Problem: Interaction with parallel cleaning

How do deletes work when cleaning may occur in parallel? Objects are moved to new segments before they become part of the log. In this bit flipping world, a delete on an object moved before cleaning has completed would result in the bit being flipped for that survivor segment, but it is not yet part of the log. Another copy still exists in some other segment. A delete during cleaning followed by a failure before the old segment is removed from the log could result in zombie objects.

 

Another weird idea

If we wanted to trade off cleaning cost for memory utilization, we could stop keeping tombstones in master memory. They only really serve a purpose on disks since they're just used during recovery. Therefore we could in-memory clean closed segments and remove all of their tombstones. Backup recovery would then need to read a replica off of another disk. Also, disk cleaning on the master would require reading segments back from disk to ensure that tombstones are perpetuated.
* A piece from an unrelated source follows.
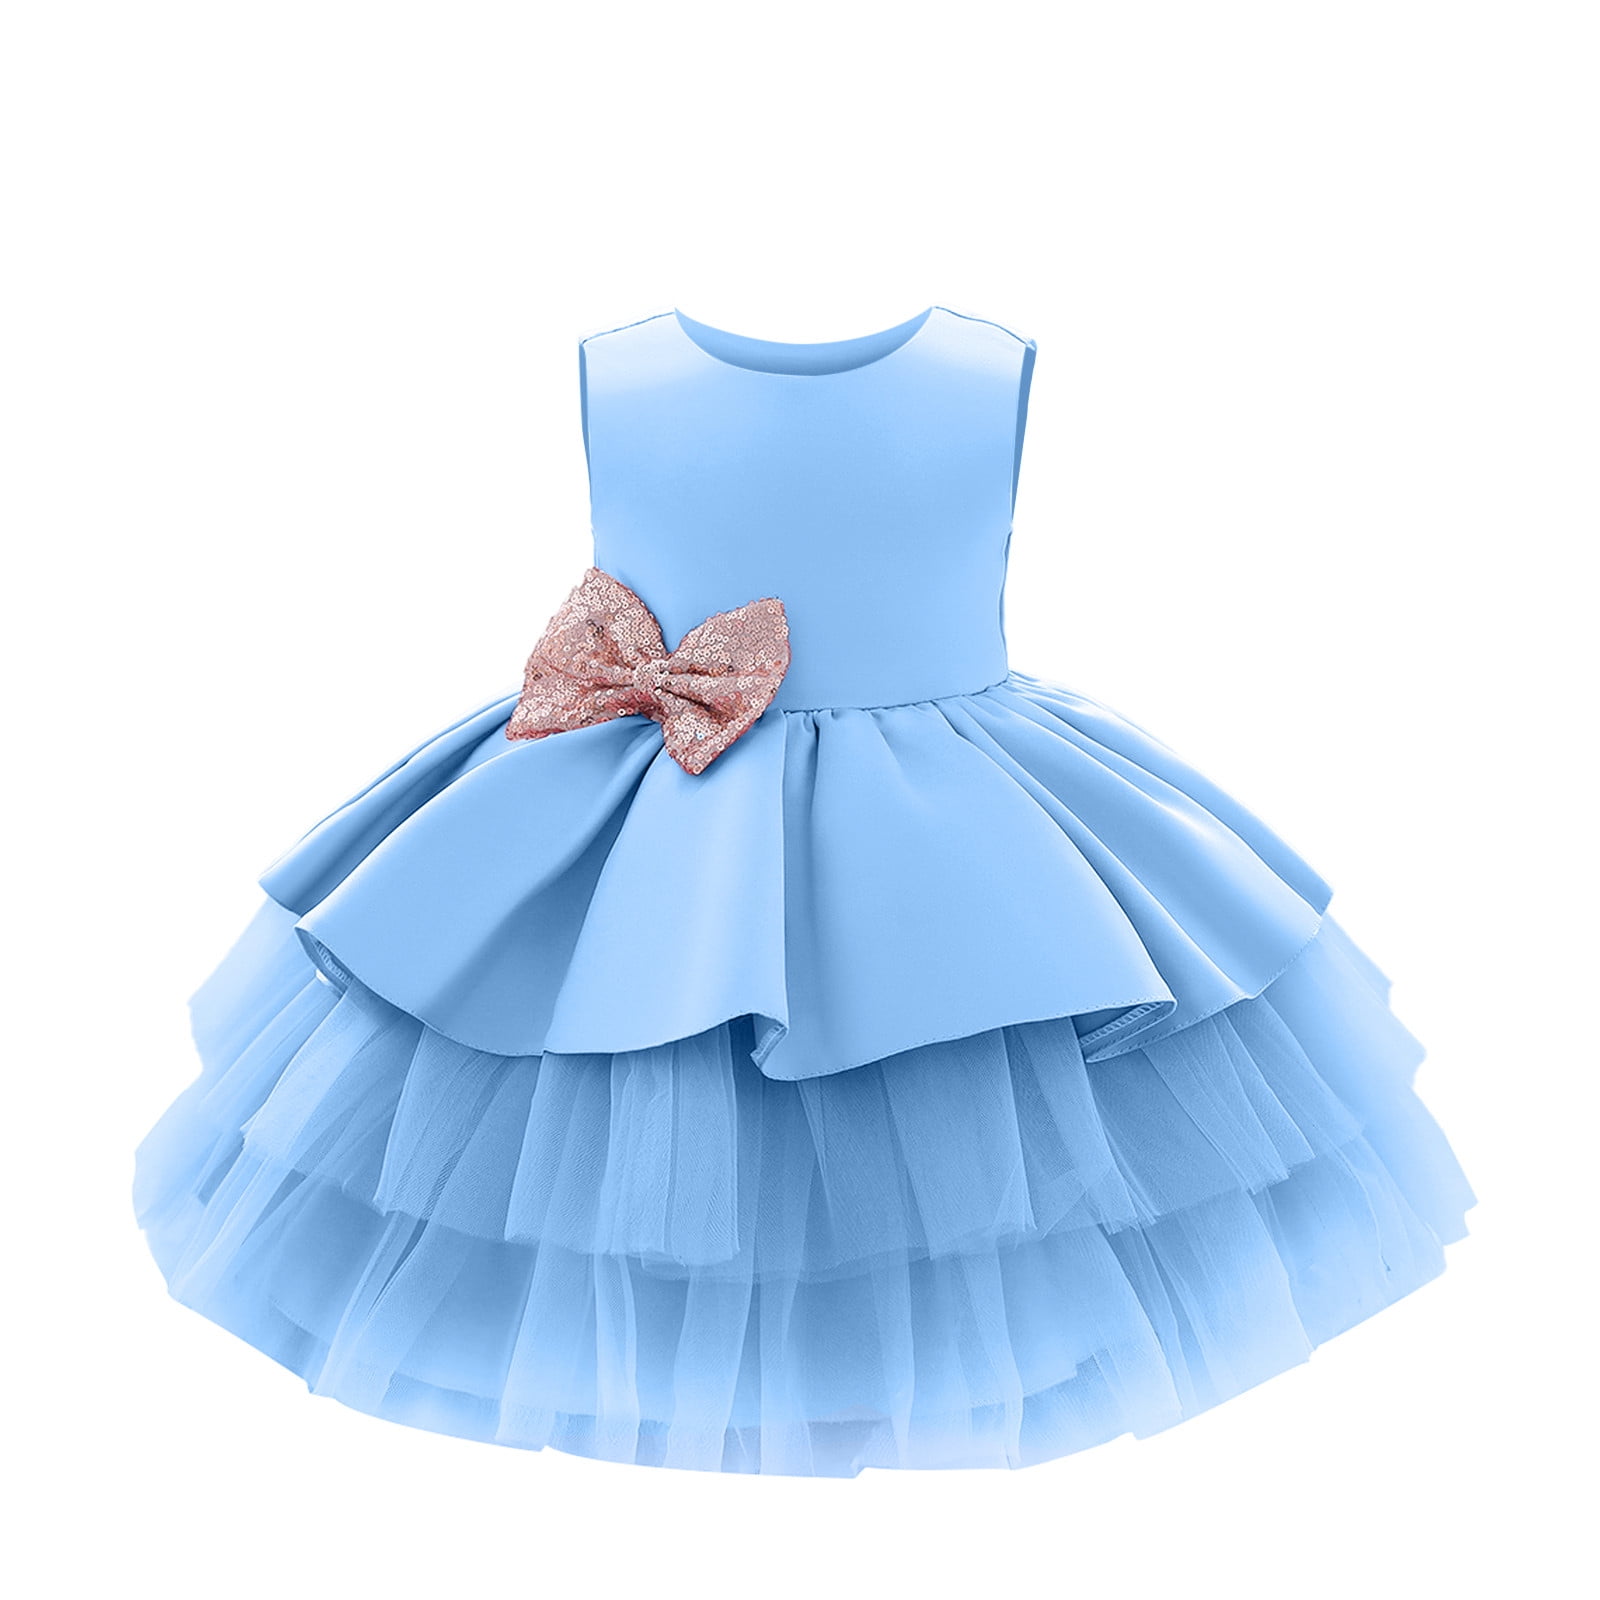 Kids Dress For Girls: Baby Girls Dresses Online | Westside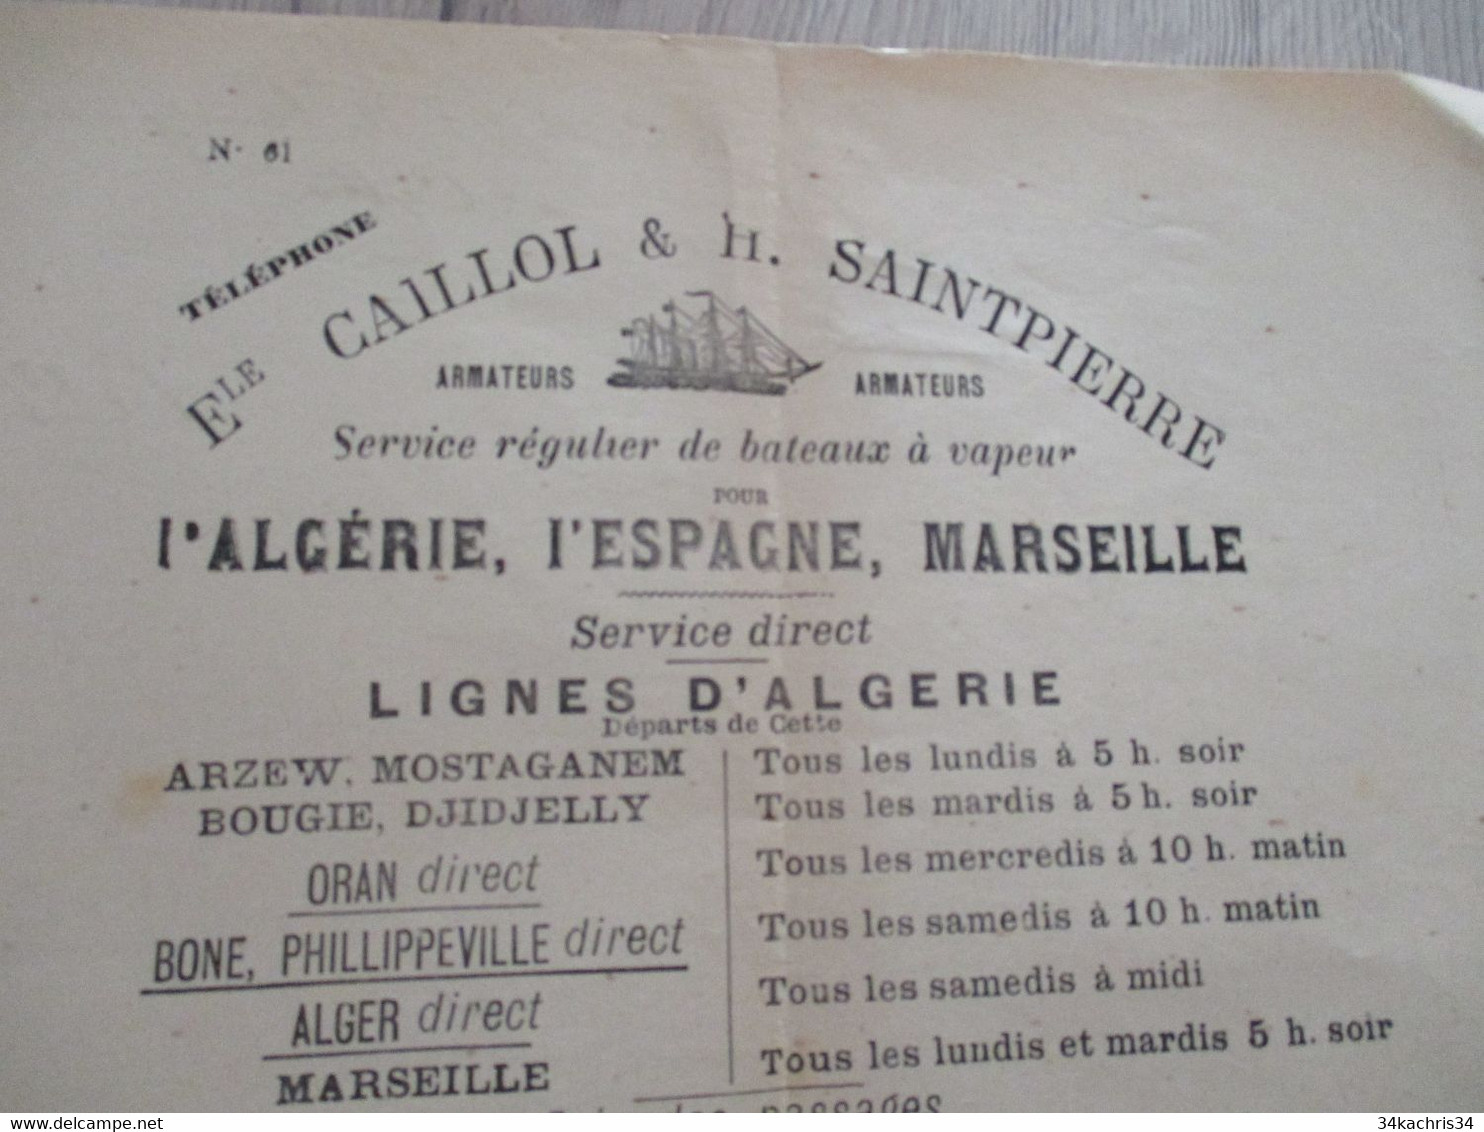 Pub Publicité Armateur Caillol SaintPierre Service Bateaux Vapeur Algérie Espagne Marseille Imprim. Cette Sète - Verkehr & Transport

The former is complicated by the mirror group work, as it'd cause a ton of disk I/O in that group when a mirror fails (all masters reading a segment from it to rereplicate). The latter makes disk cleaning twice as expensive. The win is almost entirely nuking tombstones from server memory.

Back-of-the-envelope musings for the bit vector approach

Space overhead:

Overhead for the bit vector on backups is R/(8*MinObjSize) * MasterLogSize.

For example, if R = 4, MinObjSize = 40, and MasterLogSize = 64GB, we have 0.8GB of bits in memory on each backup. This is 1.25% overhead.

While 1.25% seems a little high, consider that no tombstones will be stored in the log. Tombstones are currently 42 bytes each, so the crossover point for a 64GB master is at 20.5e6 tombstones per log. That sounds like a lot, but its still only 1.25%. I don't know how low we could really expect to get in terms of tombstone overhead.

There would also be 8 bytes per segment for the segment version number, but that would only add 256KB for 8MB segments, 64GB servers, R = 4.

Entry offset overhead:

If each entry must describe which bit on replicas needs to be flipped when it dies, how big must the offset be?

With 8MB segments, 40 byte MinObjSize, we'd need to represent 209,716 values. So 18 bits. Having 24 bits would keep us safe up to 640MB segments.

Interestingly, this seems to argue for smaller segments. With 2.5MB segments we'd need 16 bits. 160KB segments would make 12 bits viable. Alternatively, a larger minimum object size would help, but we'd need to double the size to chop each additional bit.